Na Colômbia, mais de 570 pessoas ficaram feridas, enquanto no Japão cerca de 50 foram hospitalizadas. Na Venezuela, o número oficial chegou a 16.740 feridos.
Desaparecidos
A quantidade de pessoas desaparecidas também varia bastante entre os três países.
Na Colômbia, mais de 3 mil pessoas eram consideradas desaparecidas, de acordo com informações da Associated Press.
No Japão, a emissora NHK chegou a informar que entre 20 e 30 trabalhadores estavam desaparecidos em um shopping. Posteriormente, as autoridades confirmaram que todos foram resgatados.
Na Venezuela, não há um número oficial divulgado pelas autoridades, mas estimativas da ONU apontam que o número de desaparecidos pode chegar a 50 mil pessoas.
Preparação faz diferença
A capacidade de um país para lidar com terremotos é um dos principais fatores que ajudam a explicar por que tremores de magnitude semelhante podem provocar consequências tão diferentes.
A Colômbia possui normas de construção antissísmicas e está acostumada a registrar tremores por estar localizada em uma região de intensa atividade tectônica. No entanto, o número de estruturas danificadas pelo terremoto de magnitude 7,4 levou autoridades a investigar se as normas de segurança estão sendo devidamente cumpridas.
O Japão, por outro lado, é considerado uma referência mundial em prevenção de terremotos. O país possui códigos de construção rígidos, sistemas de alerta antecipado, simulados frequentes e protocolos de resposta rápida.
Por isso, é menos comum que terremotos provoquem danos estruturais generalizados em edifícios japoneses. Mesmo assim, o tremor de magnitude 7,1 provocou desabamentos parciais em estruturas importantes.

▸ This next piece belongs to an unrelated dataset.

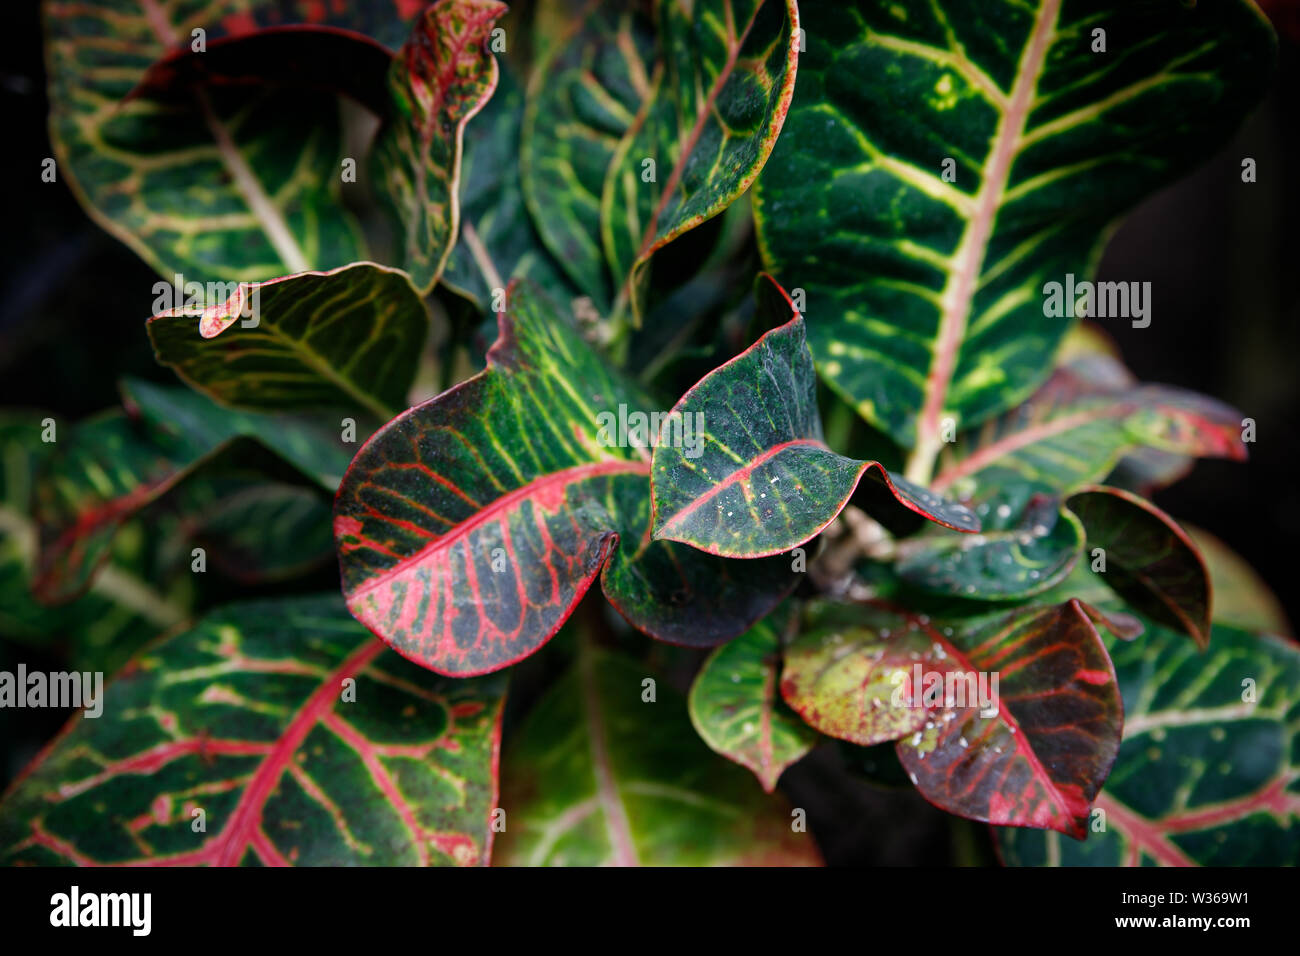 Leaves Of The Croton Plant Imagenes De Stock Leaves Of The

Na Venezuela, o cenário é bastante diferente. Muitos edifícios em áreas como La Guaira e Caracas não foram construídos de acordo com normas sísmicas modernas. Isso contribuiu para os colapsos registrados após os tremores.

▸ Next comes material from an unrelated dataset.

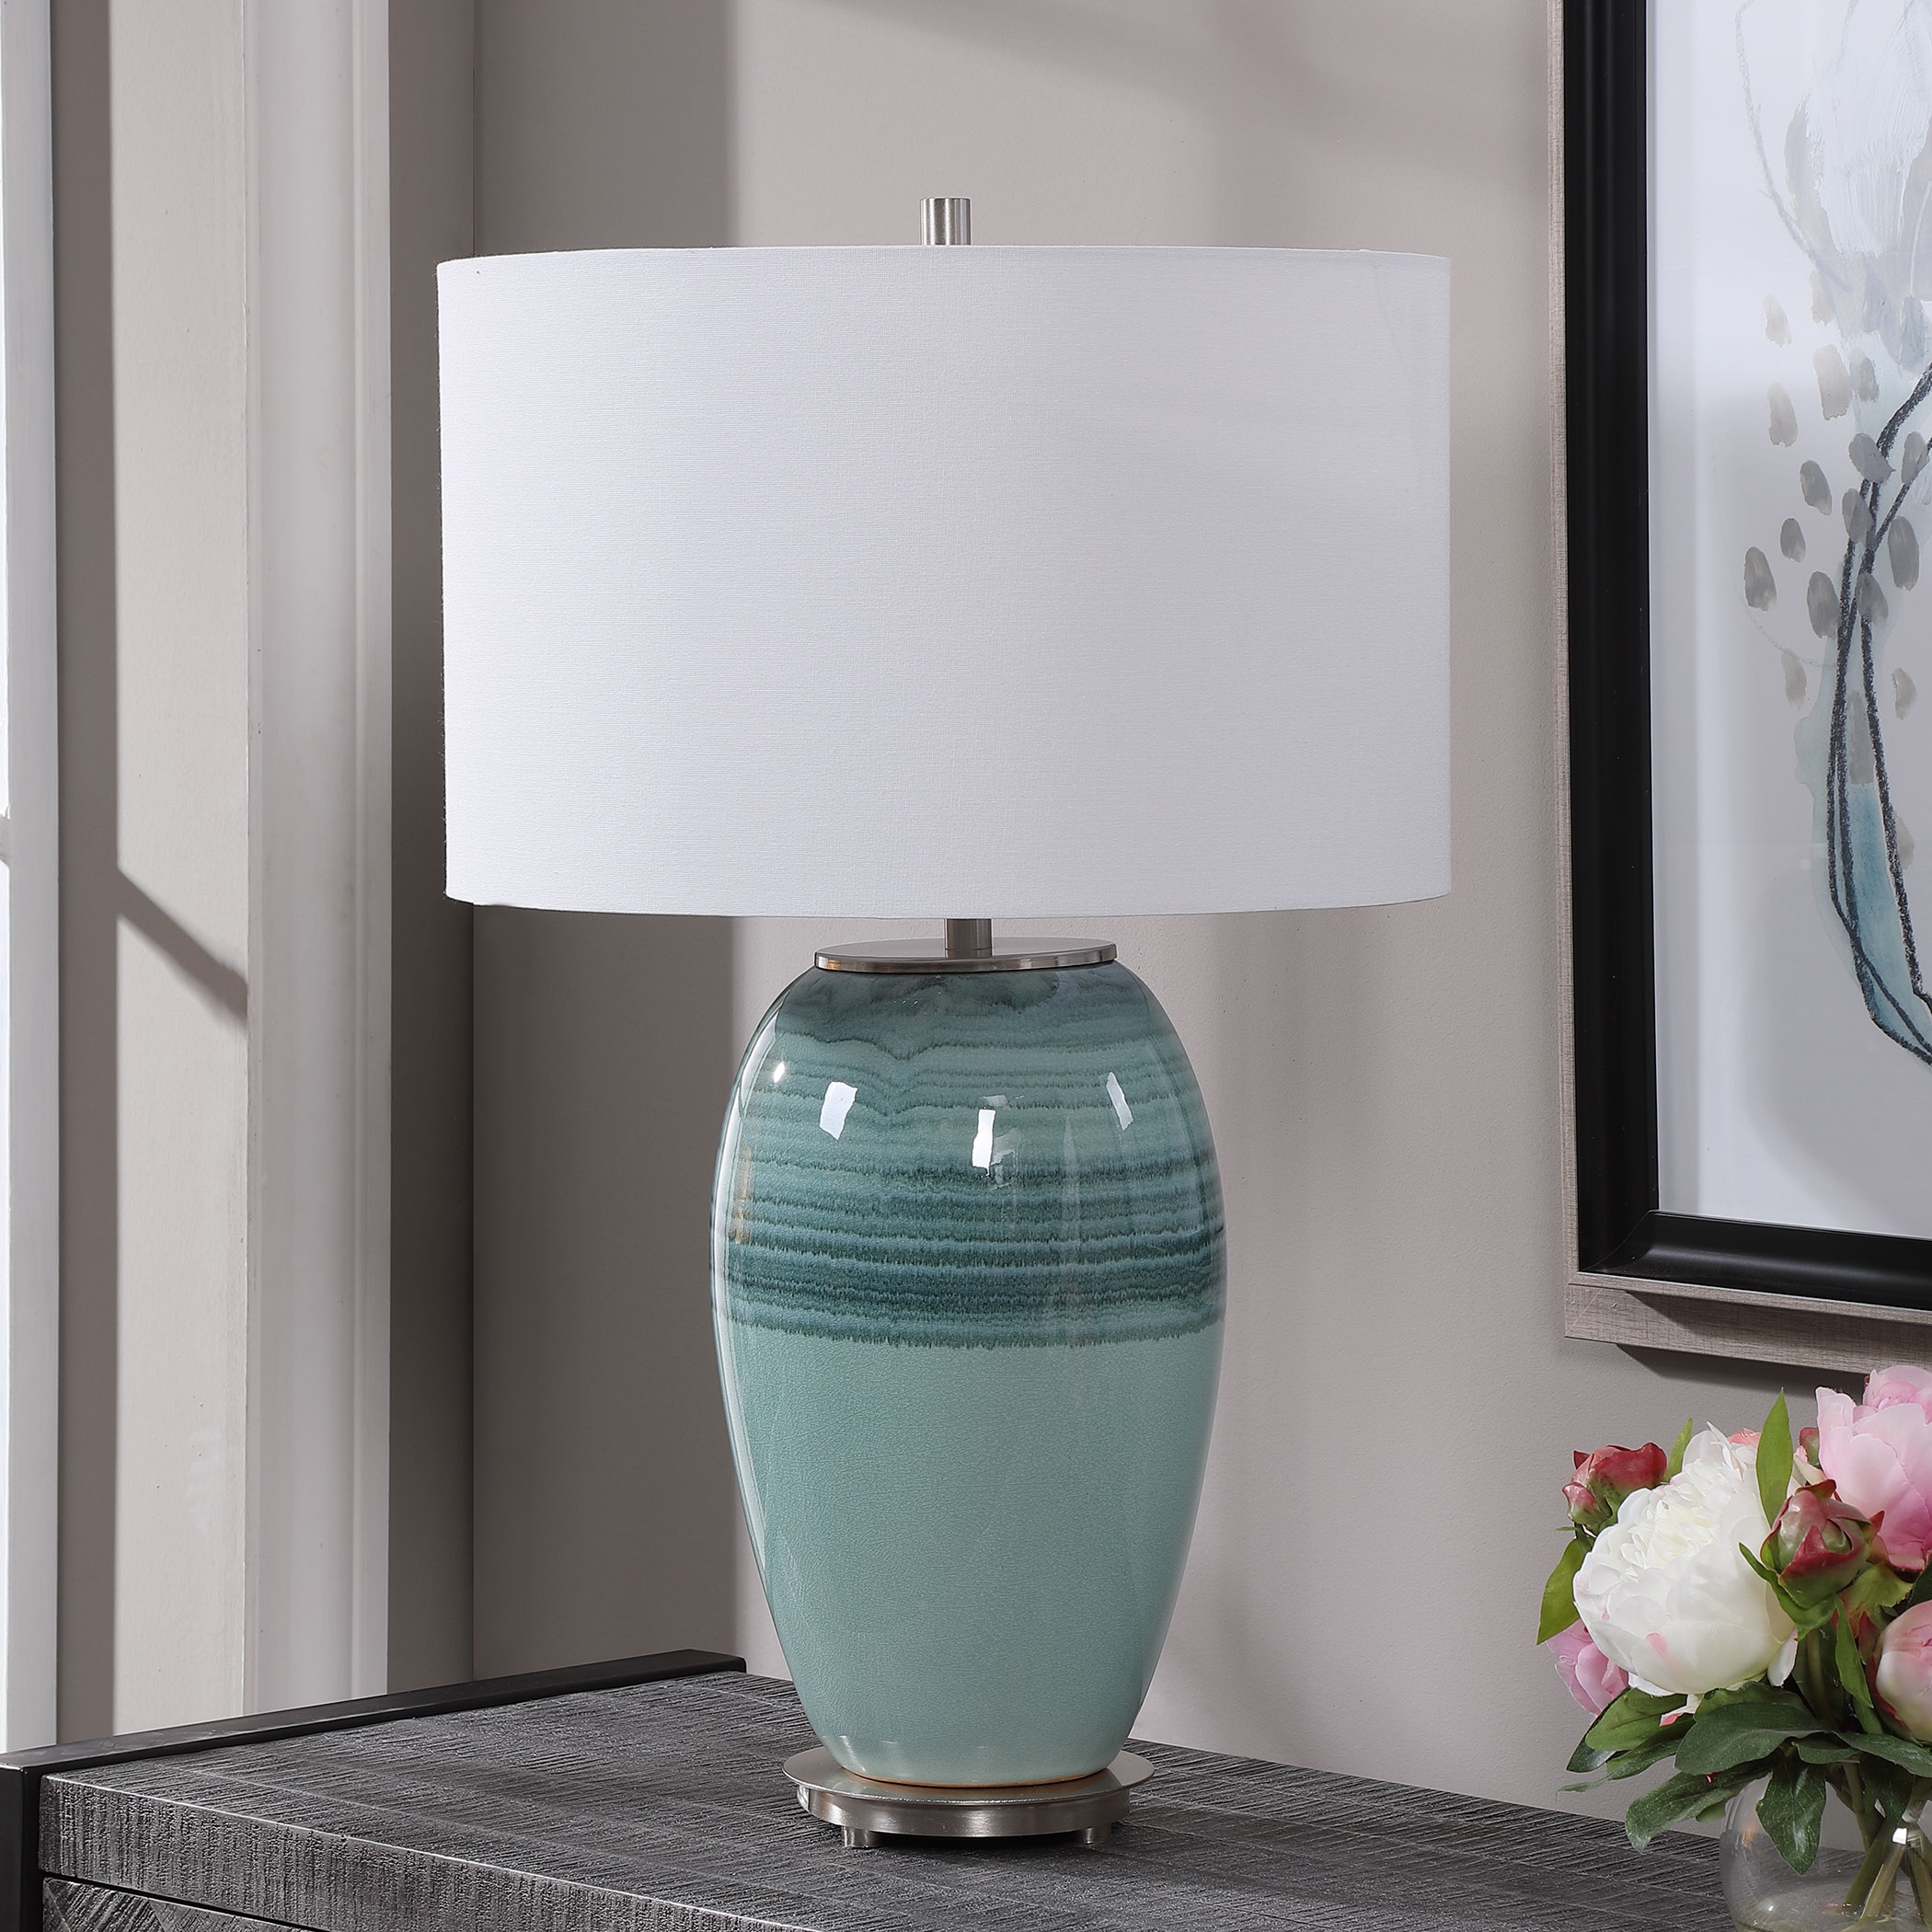 Caicos Teal Table Lamp - Image 2

A resposta à emergência também foi alvo de críticas. Em algumas regiões, famílias chegaram a procurar vítimas nos escombros utilizando as próprias mãos, diante da falta de equipamentos pesados para as operações de resgate.
Por que os resultados foram tão diferentes?
Os três terremotos mostram que a magnitude, sozinha, não determina o tamanho de uma tragédia. A profundidade do tremor, a distância em relação às áreas povoadas, o tipo de solo, a qualidade das construções, a densidade populacional e a capacidade de resposta das autoridades podem aumentar ou reduzir drasticamente o número de vítimas.
No caso da Venezuela, a combinação de tremores fortes e relativamente rasos com infraestrutura menos preparada contribuiu para uma destruição muito maior. No Japão, sistemas rigorosos de prevenção e construção ajudaram a limitar as consequências, mesmo diante de um terremoto de magnitude superior a 7. Já a Colômbia enfrenta agora o desafio de avaliar se suas normas de segurança foram suficientes para suportar um tremor de grande intensidade.